I repeated the trim, merge, join, and otutable generation steps, to have equivalent methods that we have now applied to Novaseq 1A, 1B, 1C, 3, and 4. Also redid otu table generation and coligo table construction.

Demultiplexing and splitting

The directory for the raw sequence data (gz compressed) and the parsed and split reads is /project/gtl/data/raw/LarkGrouseTest1/rawdata (corresponding to micro NovaSeq Run #2 ). Files for individual samples are in /project/gtl/data/raw/LarkGrouseTest1/rawdata/sample_fastq/.

Demultiplexing

The work is done by run_parse_count_onSplitInput.pl. As the name implies, we split the raw data into many files, so that the parsing can be done in parallel by many nodes. The approximate string matching that we are doing requires ~140 hours of CPU time, so we are splitting the task across ~220 jobs. By doing so, the parsing takes less than one hour.
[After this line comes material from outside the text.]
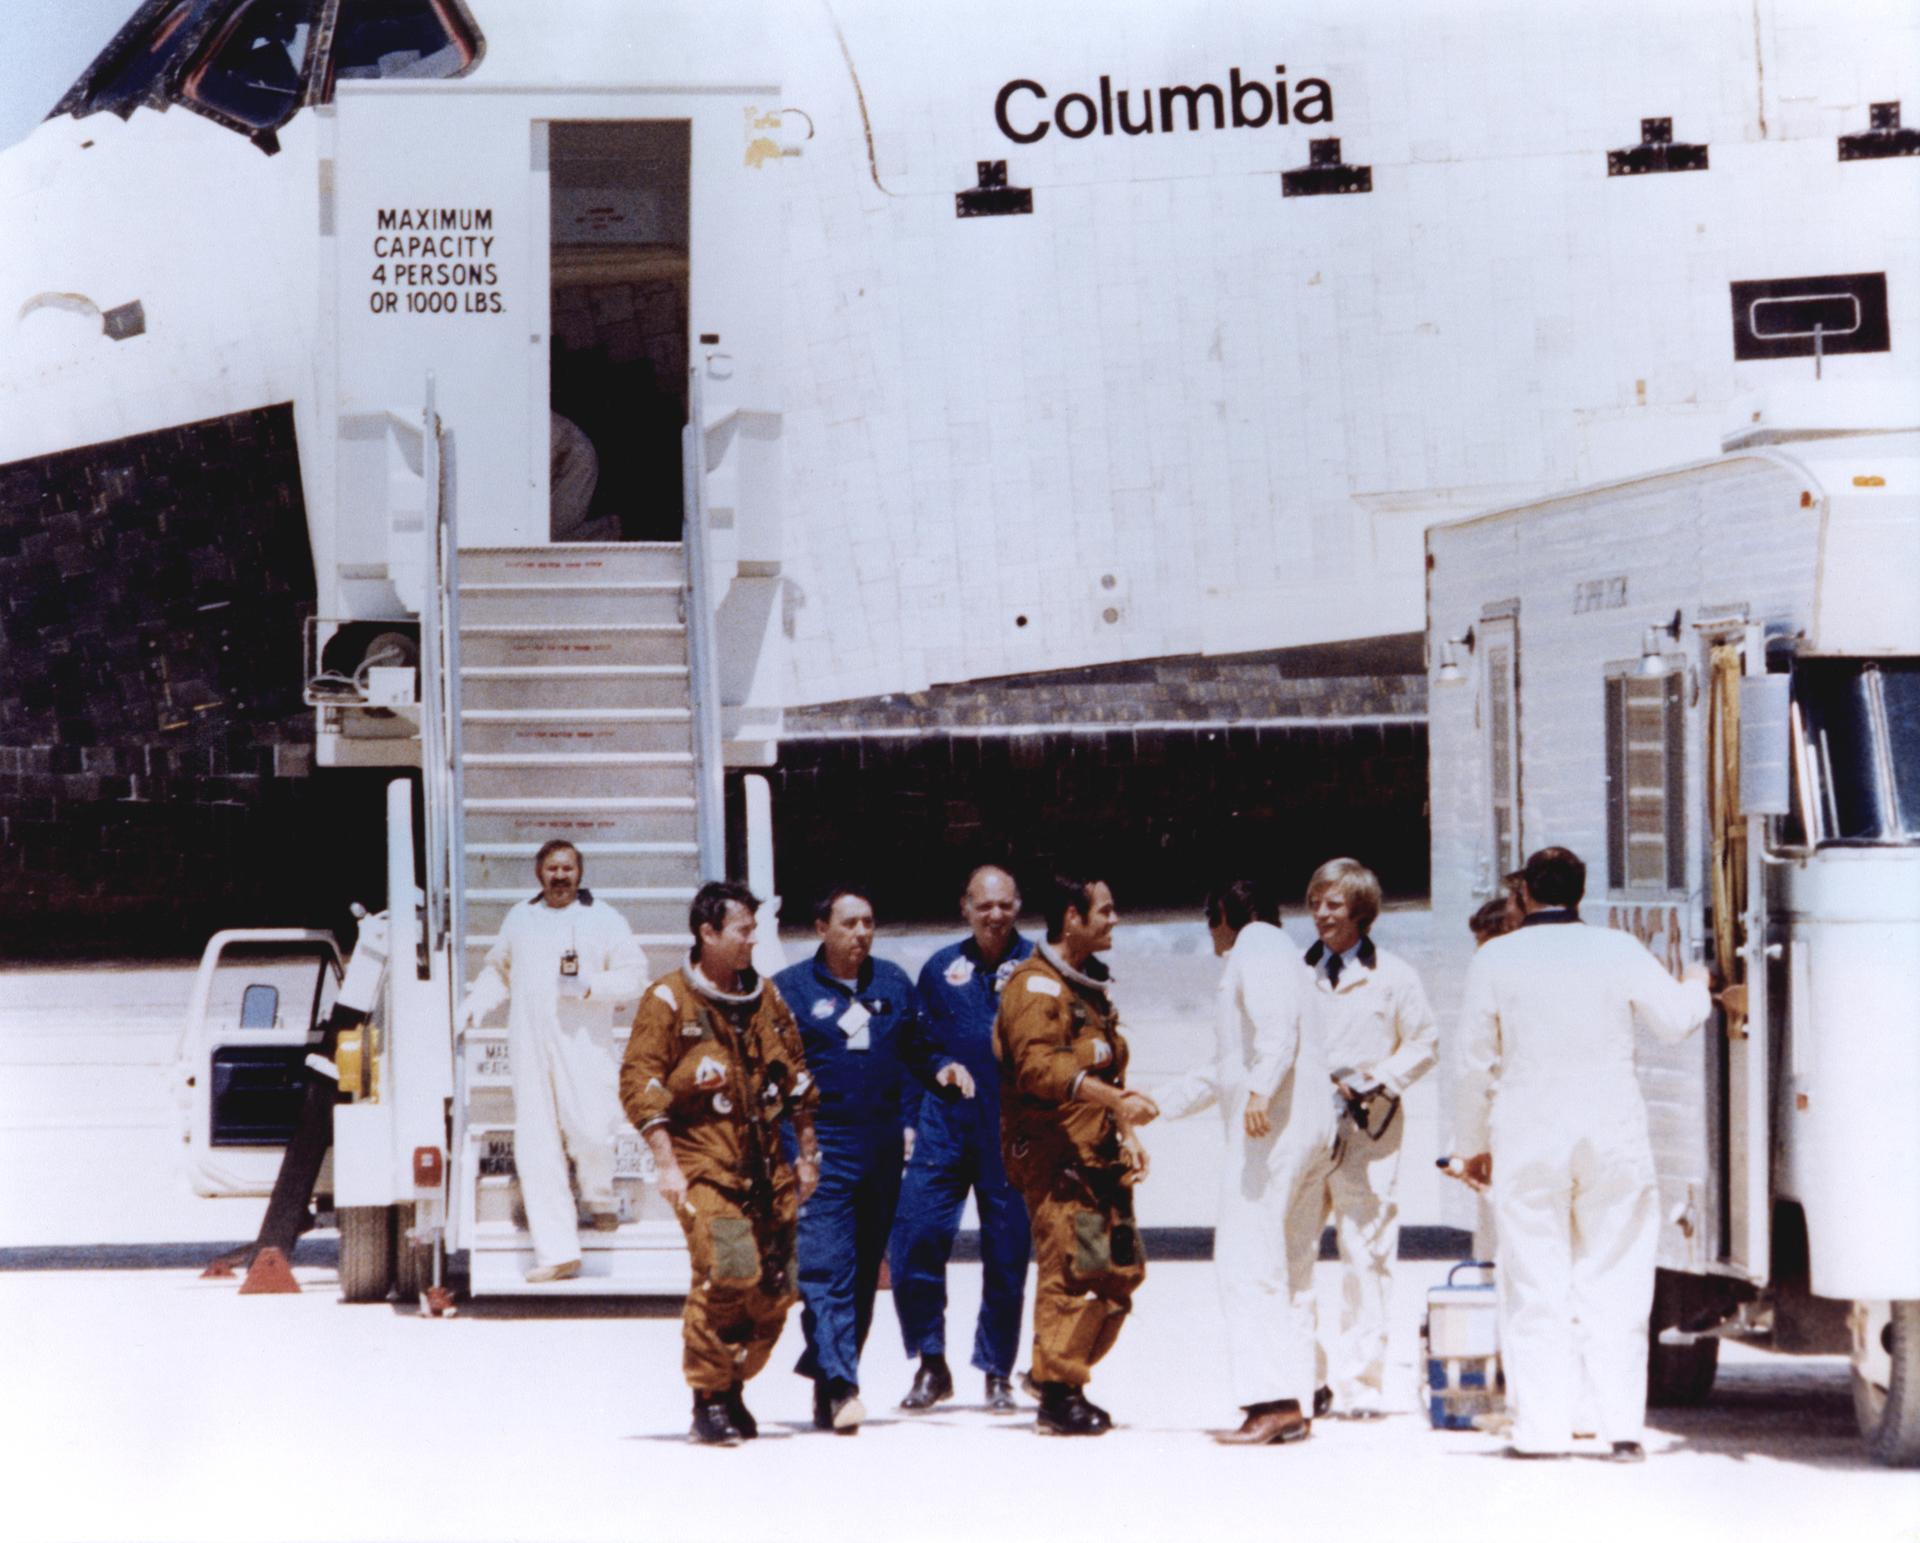 NASA Space Shuttle astronauts John Young and Robert Crippen (in tan space suits) are greeted by members of the ground crew after

Splitting the raw (uncompressed) data was accomplish with the program split, with 1x106 lines (4x106 reads) being written to each file (with a remainder in the final file). These files were written to /gscratch and, as intermediate files that can be reconstructed readily, will not be retained long-term.

split -l 1000000 -d --suffix-length=3 --additional-suffix=.fastq  /pfs/tsfs1/project/gtl/data/raw/LarkGrouseTest1/rawdata/NovaSeq1A_R1.fastq  LarkGrouseTest1_R1_
split -l 1000000 -d --suffix-length=3 --additional-suffix=.fastq  /pfs/tsfs1/project/gtl/data/raw/LarkGrouseTest1/rawdata/NovaSeq1A_R2.fastq  LarkGrouseTest1_R2_

making 220 R1 files and 220 R2 files, with structured names (e.g., for the R1 set):

/gscratch/buerkle/psomagen_17sep20_novaseq2/rawdata/LarkGrouseTest1_R1_000.fastq
/gscratch/buerkle/psomagen_17sep20_novaseq2/rawdata/LarkGrouseTest1_R1_001.fastq
/gscratch/buerkle/psomagen_17sep20_novaseq2/rawdata/LarkGrouseTest1_R1_002.fastq
/gscratch/buerkle/psomagen_17sep20_novaseq2/rawdata/LarkGrouseTest1_R1_003.fastq etc.

run_parse_count_onSplitInput.pl also writes to /gscratch.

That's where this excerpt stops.